Reproduce the data below in full and to the letter, images excepted.

Supplied material —
************
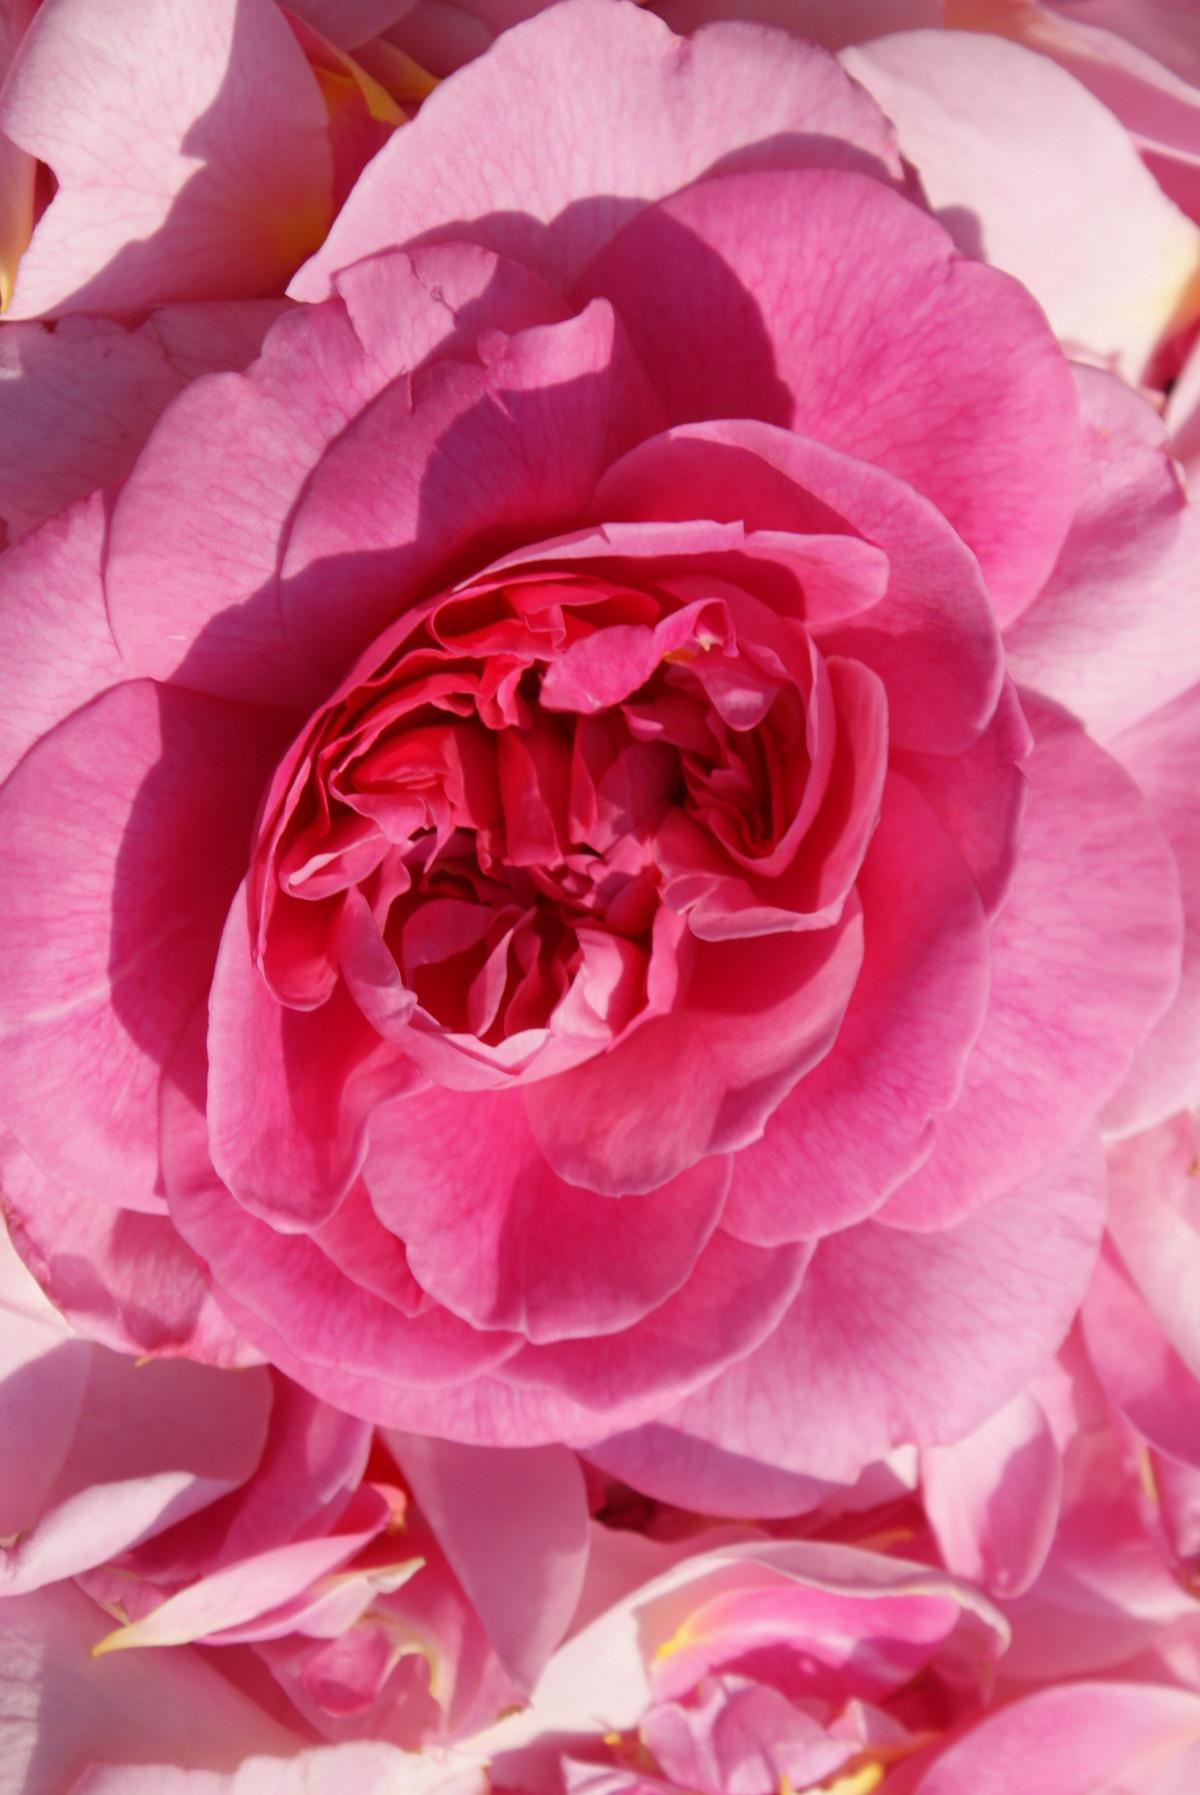 menanam bunga daun bunga mawar berwarna merah muda Budidaya Bunga
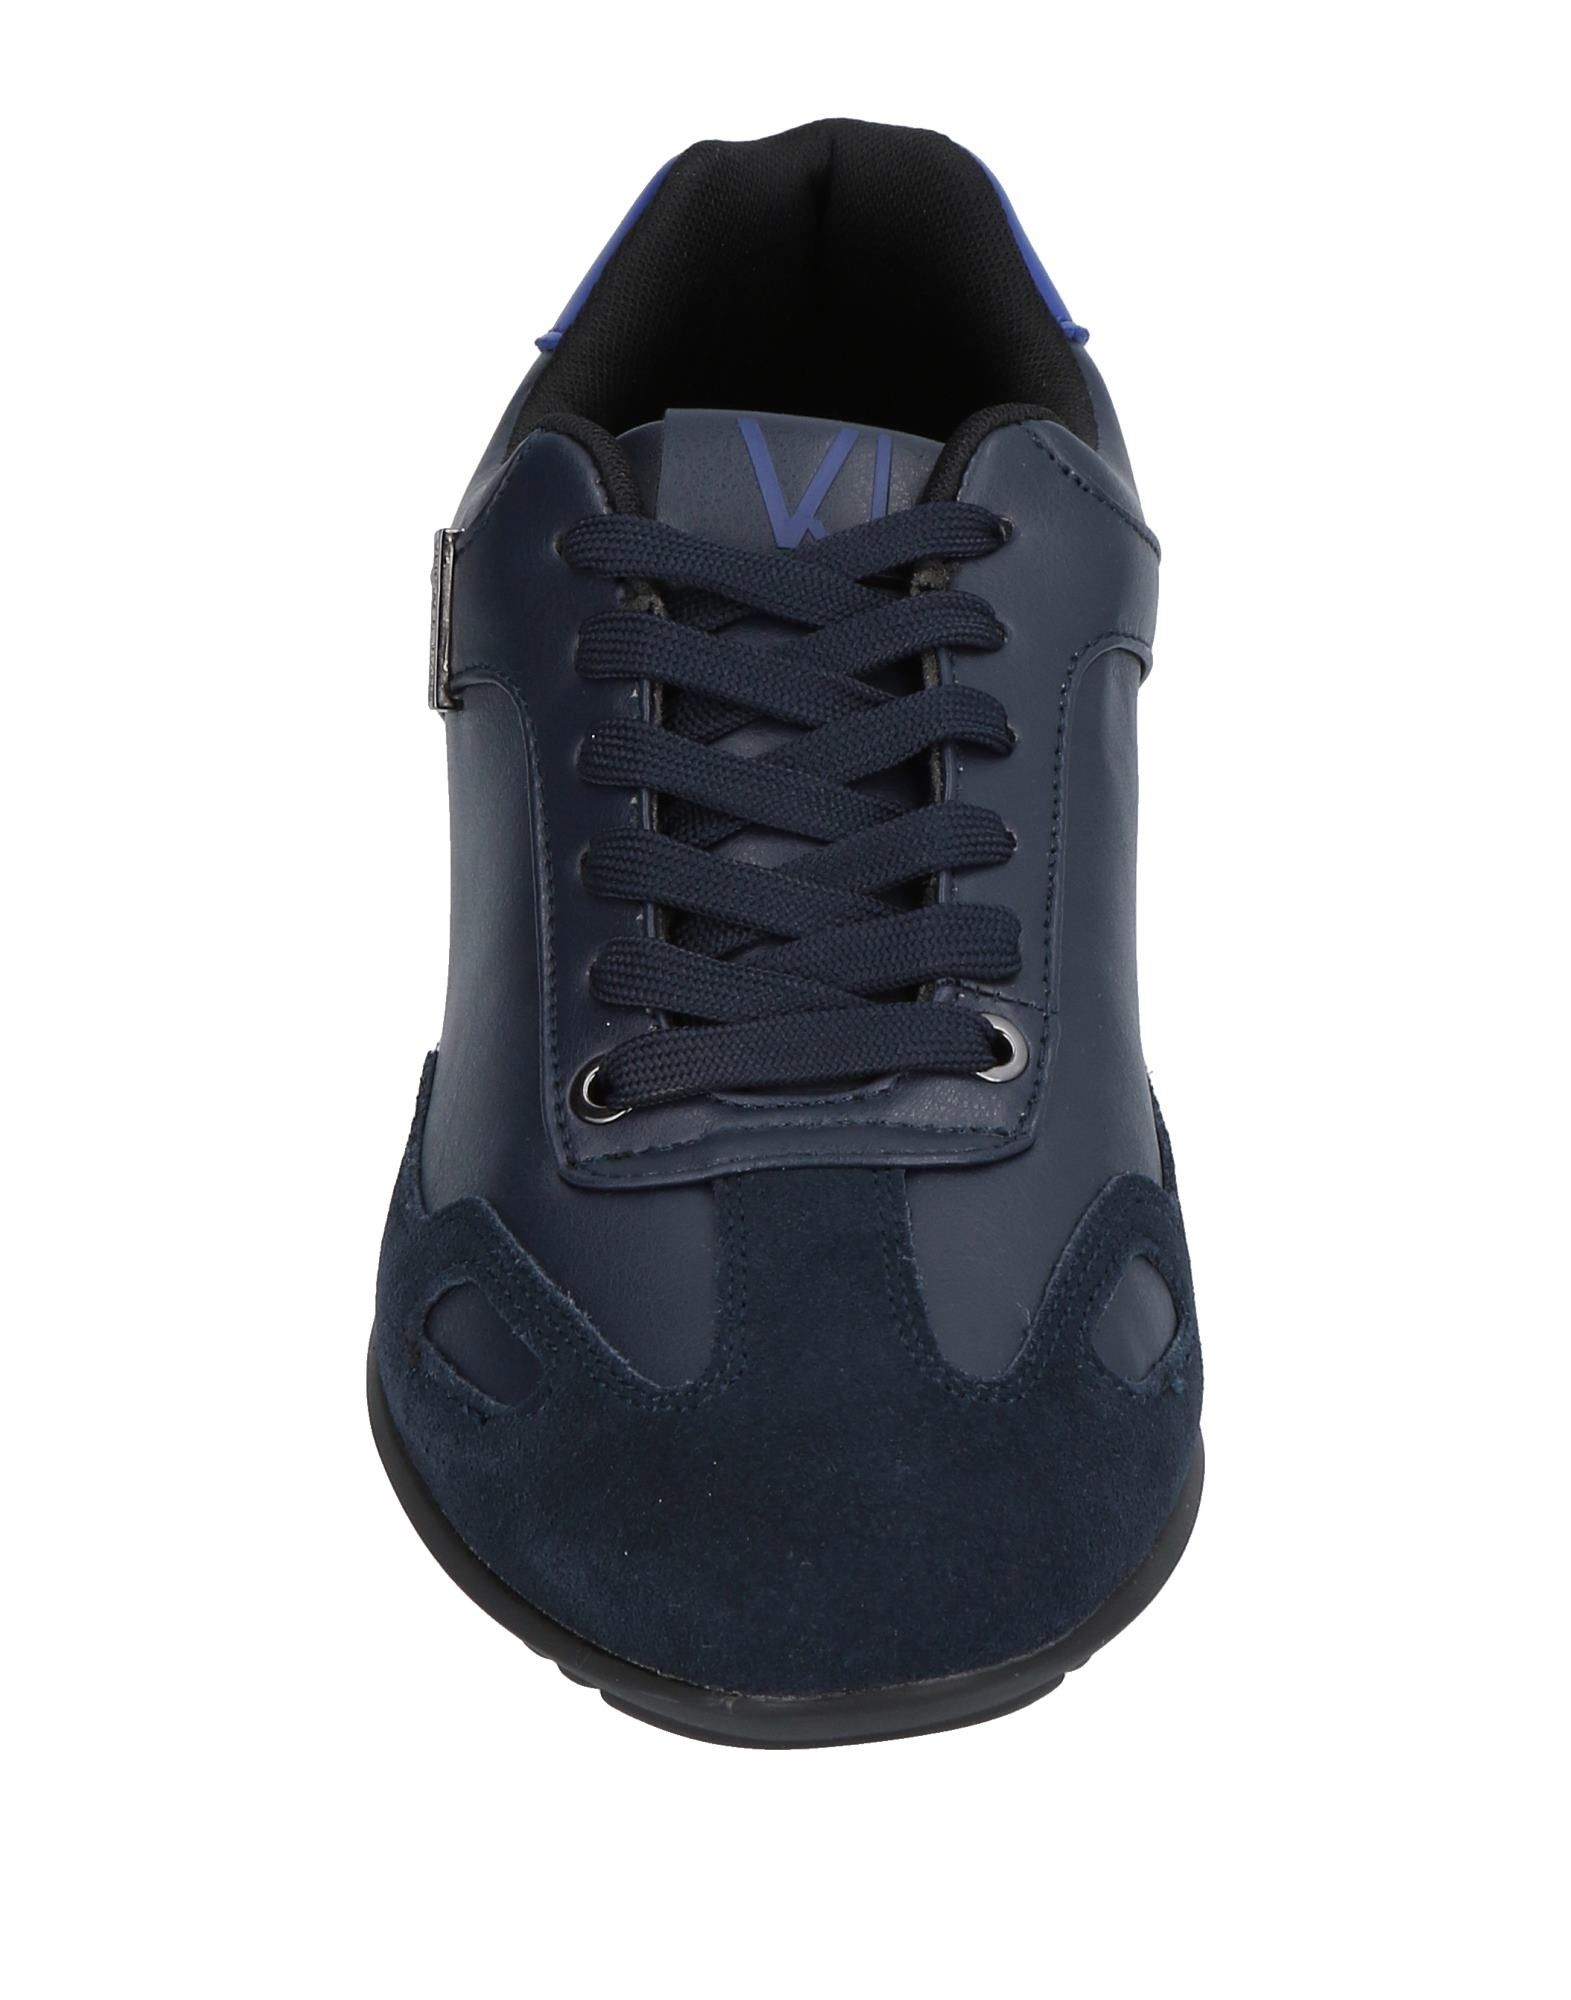 Rabatt echte Schuhe Versace Sneakers Jeans Sneakers Versace Herren  11465301UX 4e3a03
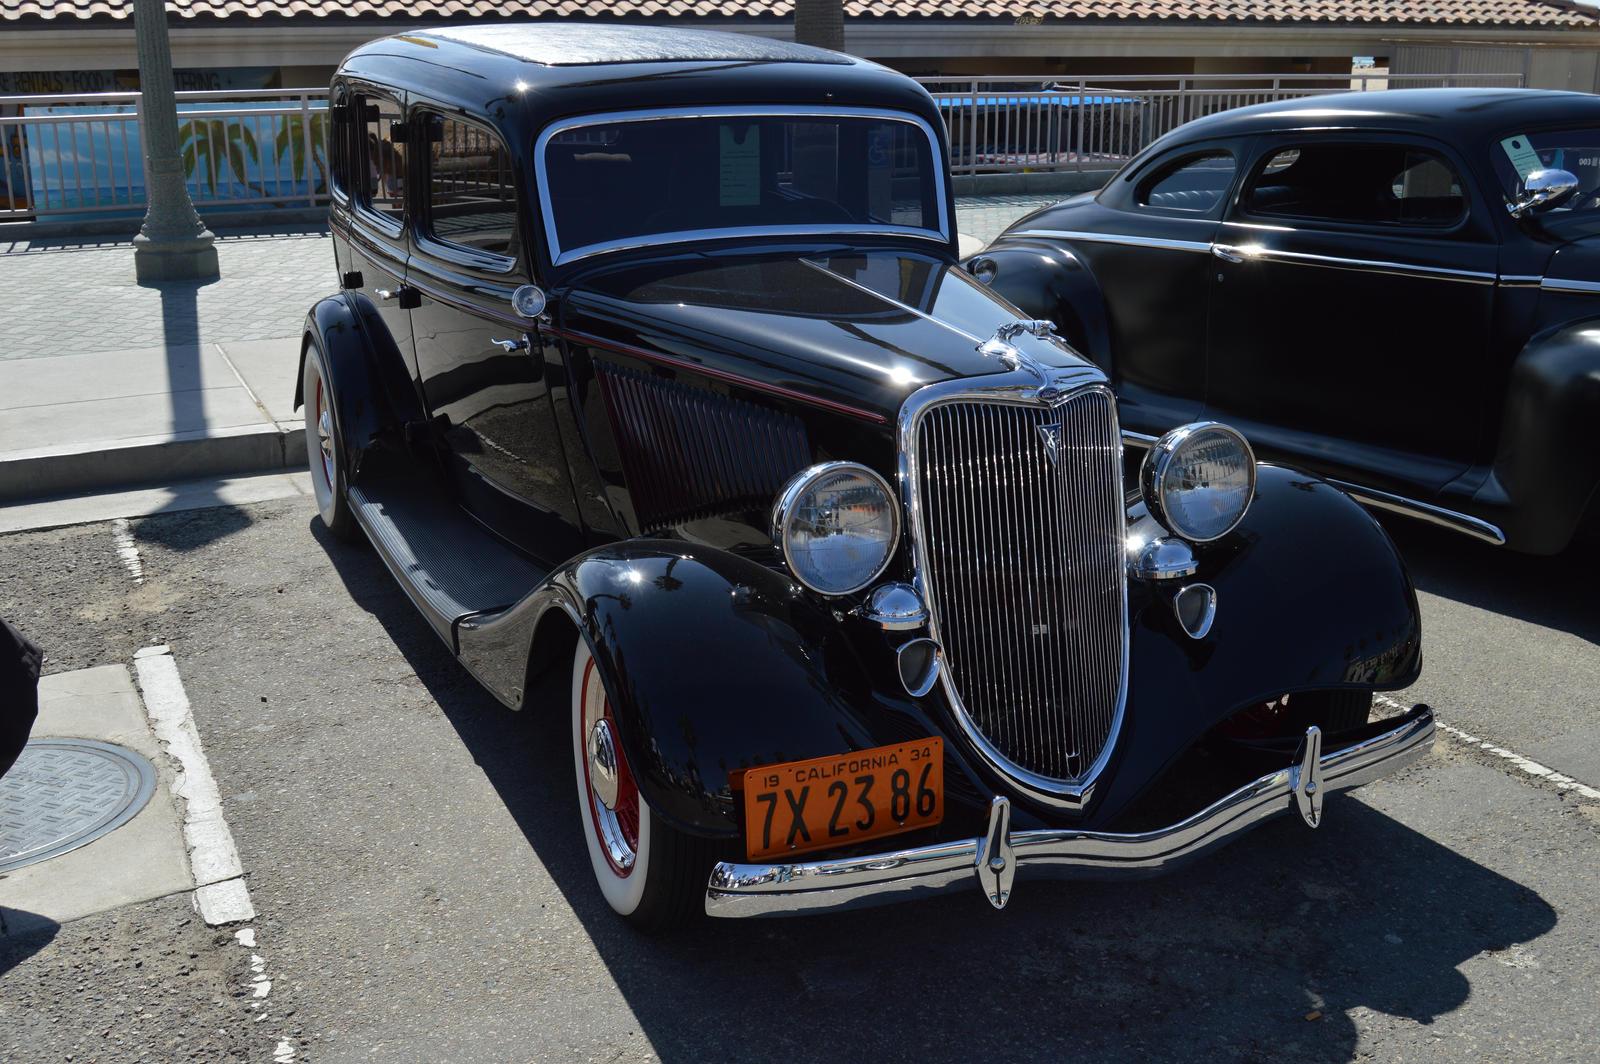 1934 ford four door sedan vi by brooklyn47 on deviantart for 1934 ford 4 door sedan
************
Output —
 menanam bunga daun bunga mawar berwarna merah muda Budidaya Bunga
 Rabatt echte Schuhe Versace Sneakers Jeans Sneakers Versace Herren  11465301UX 4e3a03
 1934 ford four door sedan vi by brooklyn47 on deviantart for 1934 ford 4 door sedan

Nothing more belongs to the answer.